Ratings agency Standard and Poor’s cut England’s credit worthiness from AAA to AA following the result of the referendum vote. The negative outlook is based on the continuing political infighting that would not lead to a speedy resolution to the predicament the U.K. finds itself in. The pound has fallen as much as 14 percent from a 52 week high, with 10 percent of that coming after the referendum results started trickling in.
The USD/CAD has gained 0.741 percent in the last 24 hours. The pair is trading at 1.3097 after the CAD has depreciated on Brexit anxiety. The USD has proven to be a safe haven for investors after the UK EU referendum results showed a surprising win by the Leave camp. This week will be a difficult one to maneuver for traders as there will be little economic data to guide markets, leaving central bank rhetoric and politician’s statements from around the globe to shape price action after the historic decision by British voters.

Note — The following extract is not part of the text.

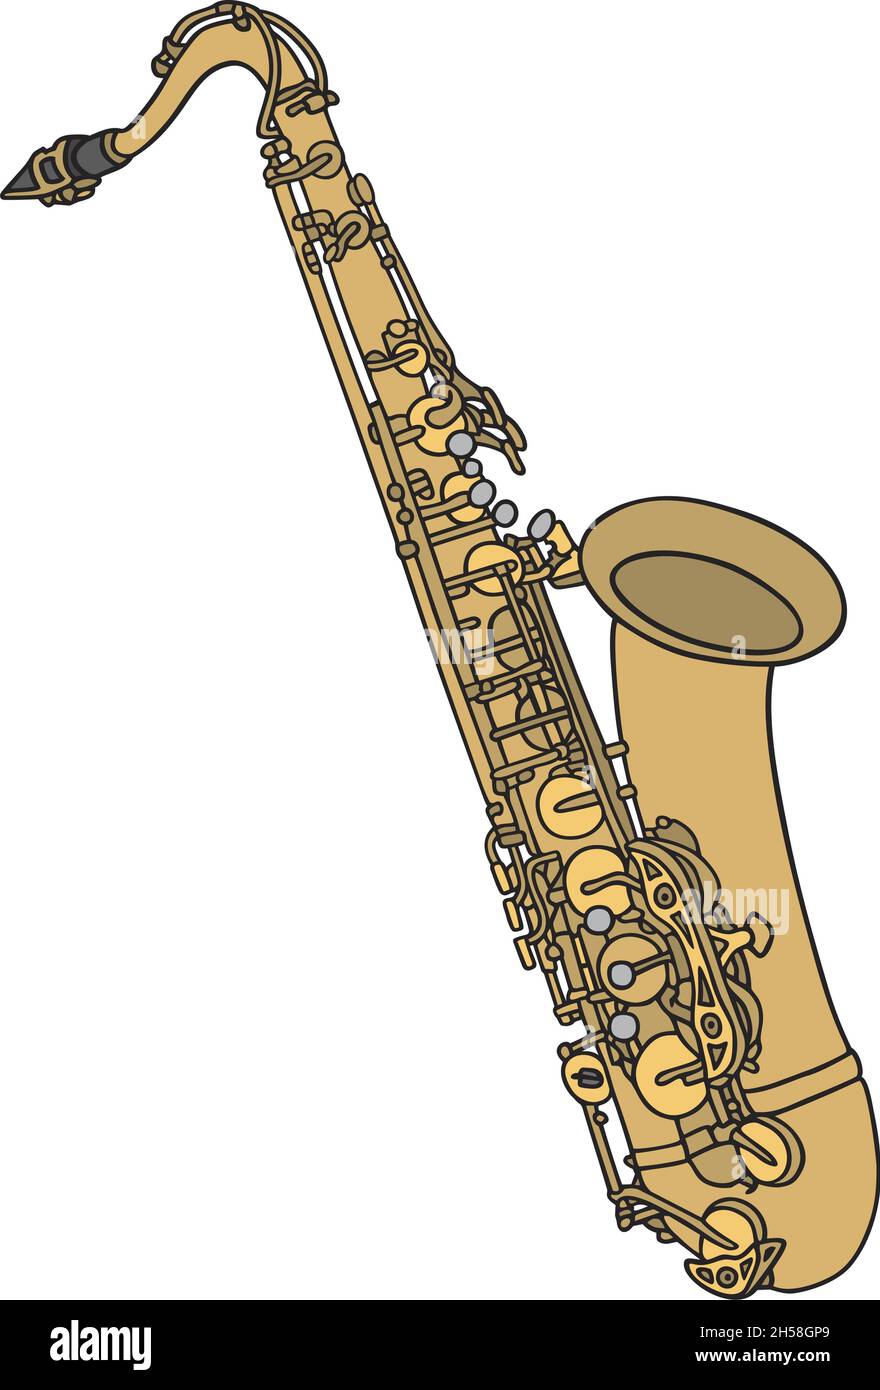 Il disegno a mano vettorizzato di un sassofono Illustrazione Vettoriale

West Texas tumbled 2.79 percent in the last 24 hours. The price of energy is trading at $45.71. Risk aversion has boosted the USD versus riskier assets, which includes commodities. Crude prices had dropped close to 7 percent since the Brexit decision was imminent. Oil prices will be following the news and reaction from investors who for now have crowded less risky assets on what was a improbable event, but one there were emergency plans prepared for nevertheless. The preparation did not prevent the rapid moves in the market, but it did allow the markets to price the information on a timelier basis than with other events. The Swiss National Bank (SNB) shock decision is the perfect counterpoint to the market reaction to Brexit. Oversupply and EU membership anxiety will keep putting downward pressure on crude prices.
American dollar strength and energy weakness will define the CAD this week ahead of the Canada day holiday on Friday. Next week the symbiotic relationship with the U.S. will be at the forefront as U.S. employment data and the minutes of the June Federal Open Market Committee (FOMC) meeting will be published which could boost the USD, but also appreciated the CAD versus other pairs.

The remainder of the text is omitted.